- Task goal -
Using the material below, repeat exactly the lines from the one with "This is an image" through the one with "Apps, Tick, CCTV, Star, Survey, Arrow", ends included, without any images.

- Data supplied -
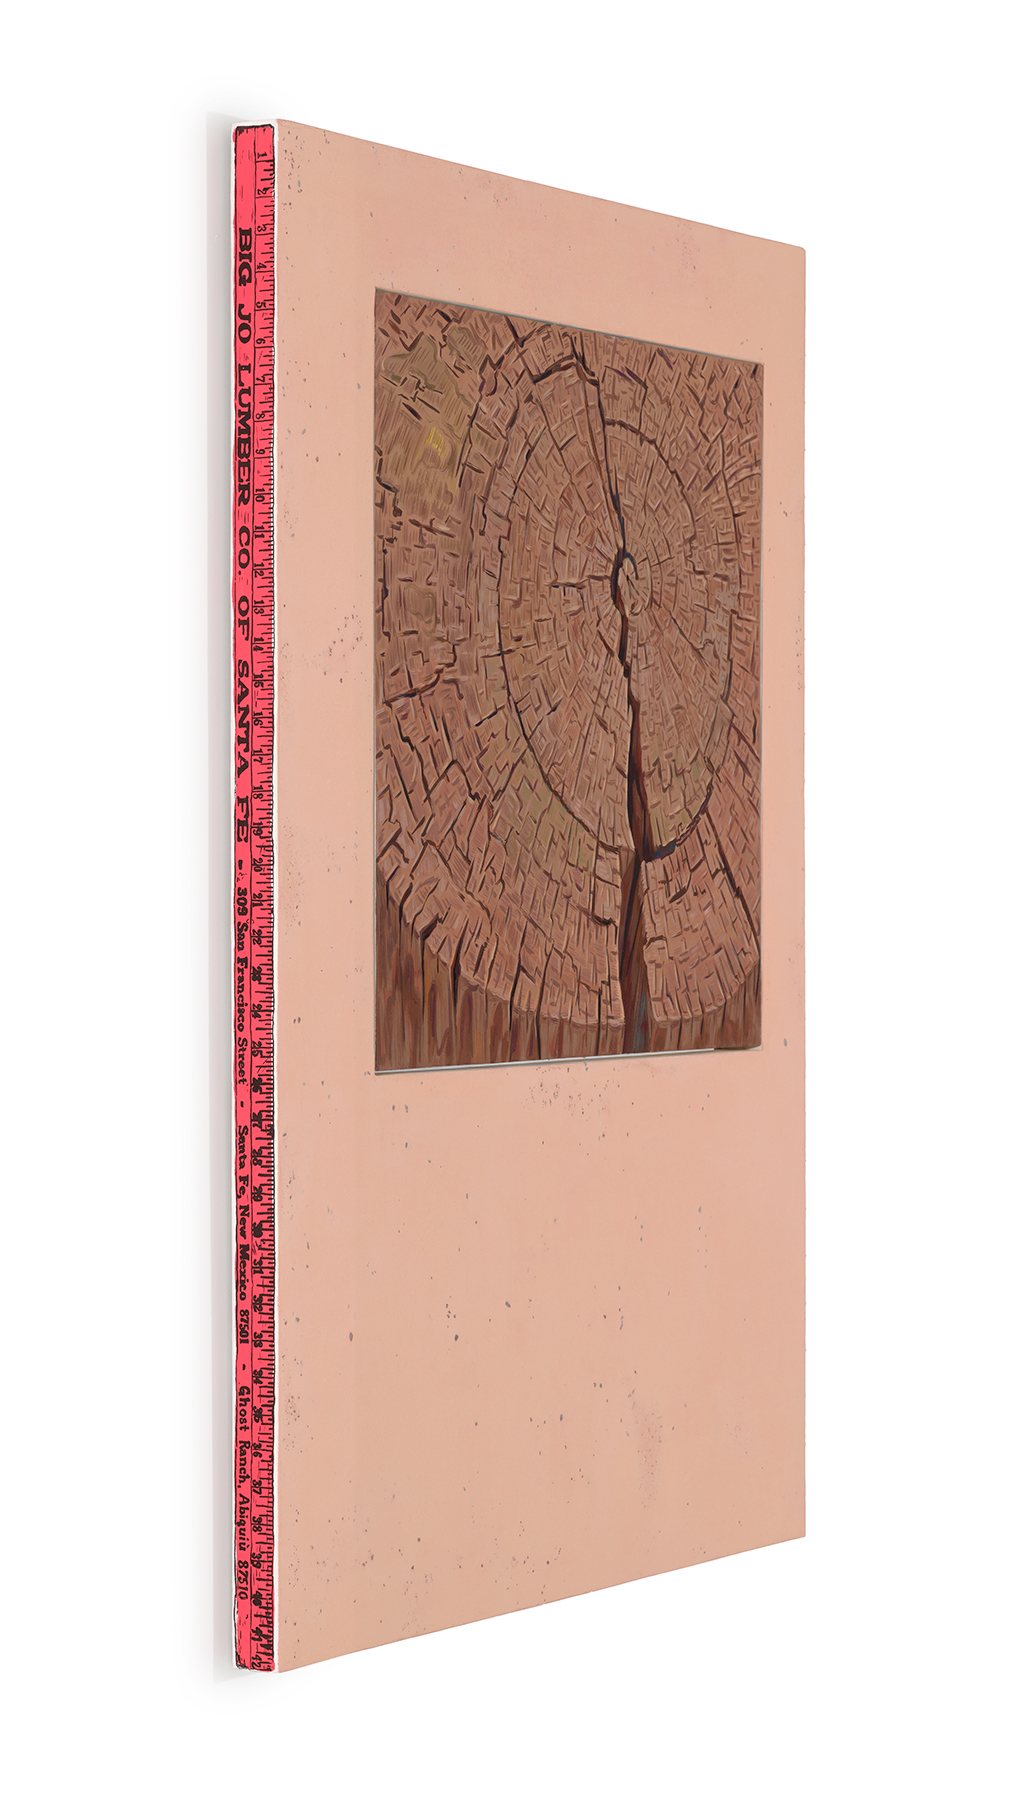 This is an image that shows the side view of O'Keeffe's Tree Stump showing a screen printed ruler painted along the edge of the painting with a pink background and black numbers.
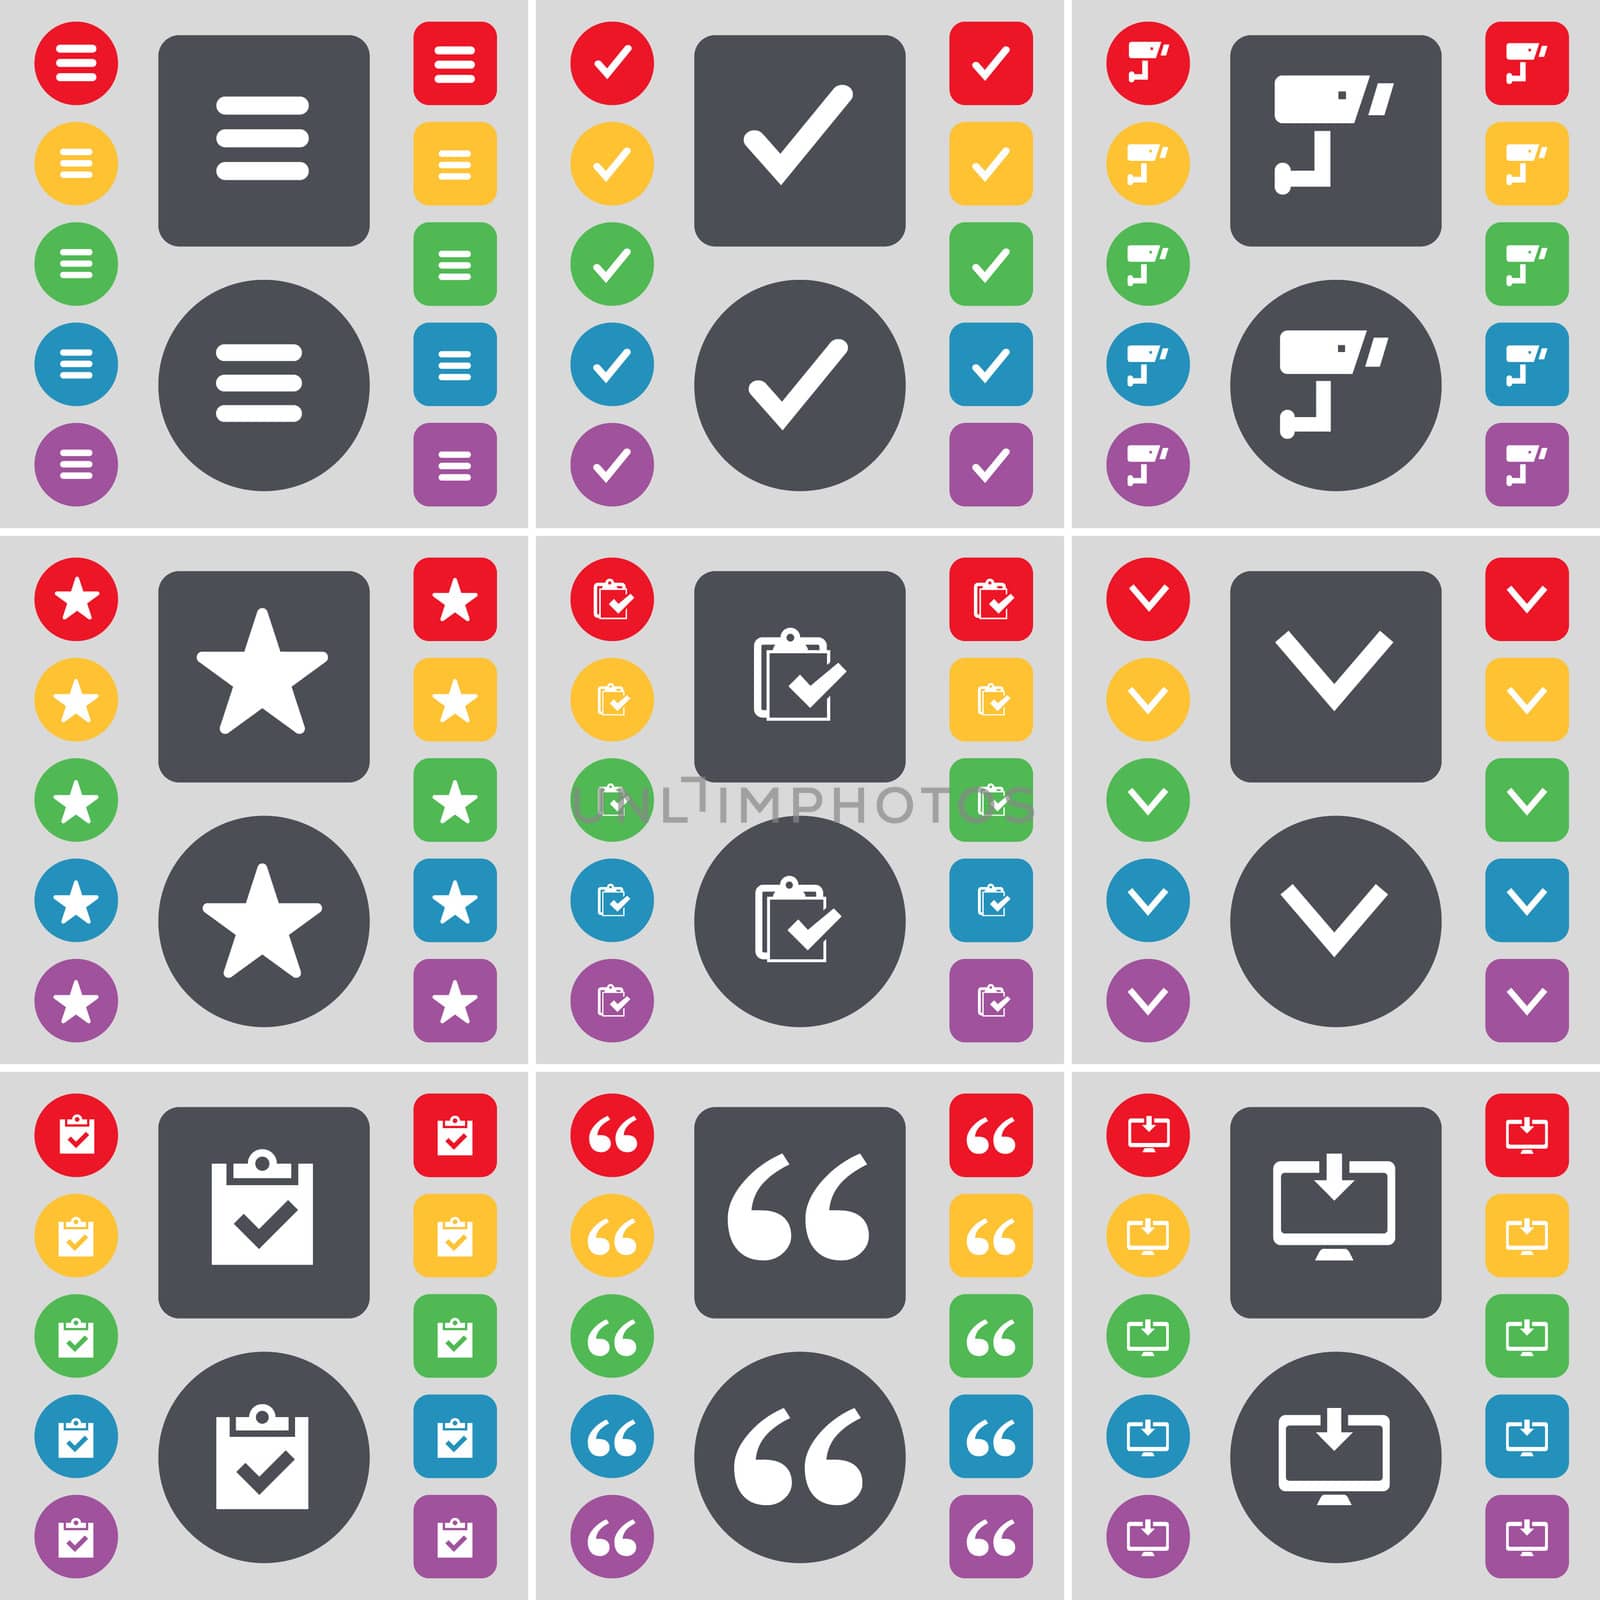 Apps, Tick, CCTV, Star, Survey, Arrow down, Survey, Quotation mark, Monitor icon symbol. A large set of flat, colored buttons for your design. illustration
...
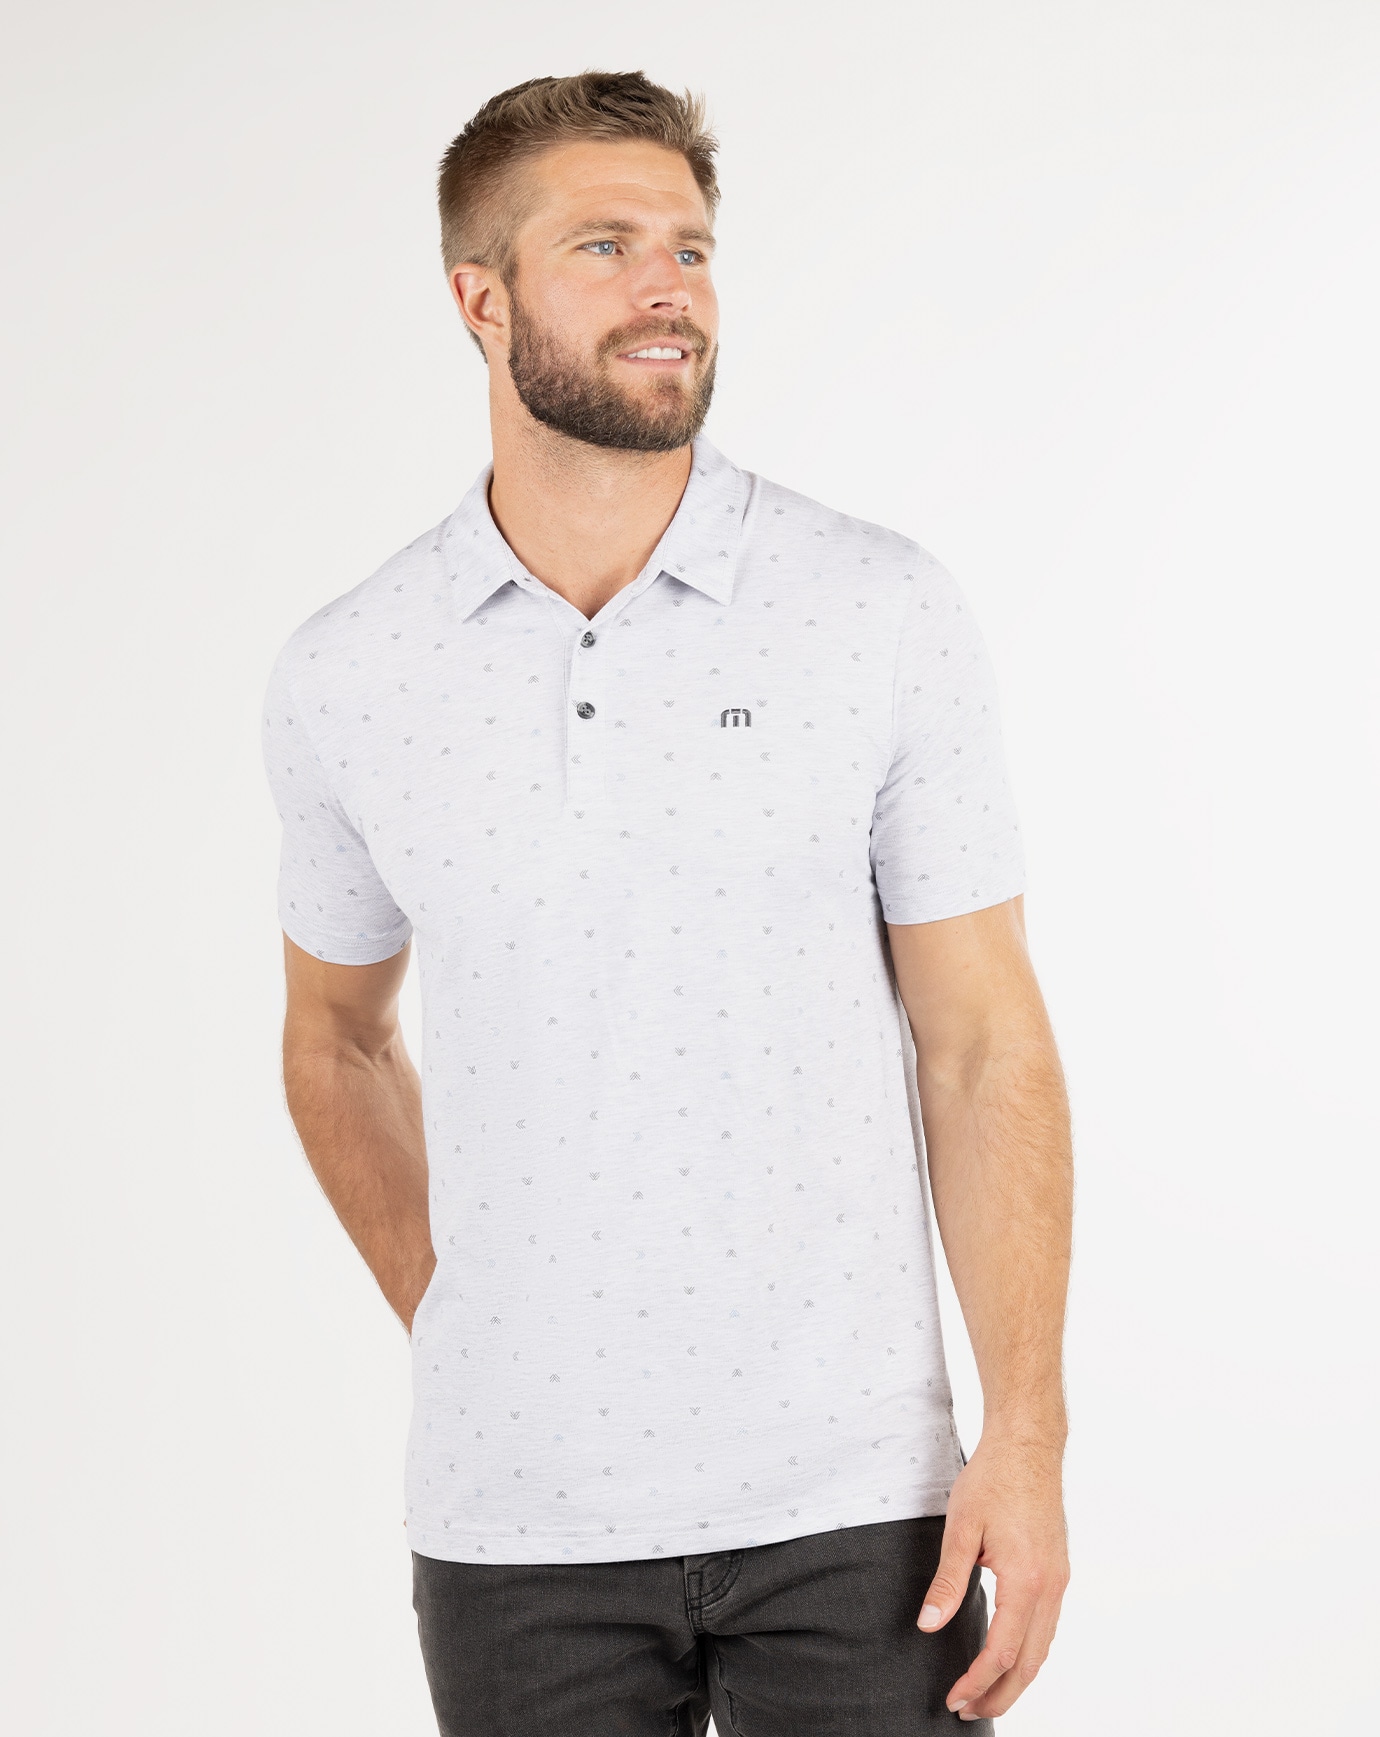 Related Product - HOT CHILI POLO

- Expected answer -
 This is an image that shows the side view of O'Keeffe's Tree Stump showing a screen printed ruler painted along the edge of the painting with a pink background and black numbers.
 Apps, Tick, CCTV, Star, Survey, Arrow down, Survey, Quotation mark, Monitor icon symbol. A large set of flat, colored buttons for your design. illustration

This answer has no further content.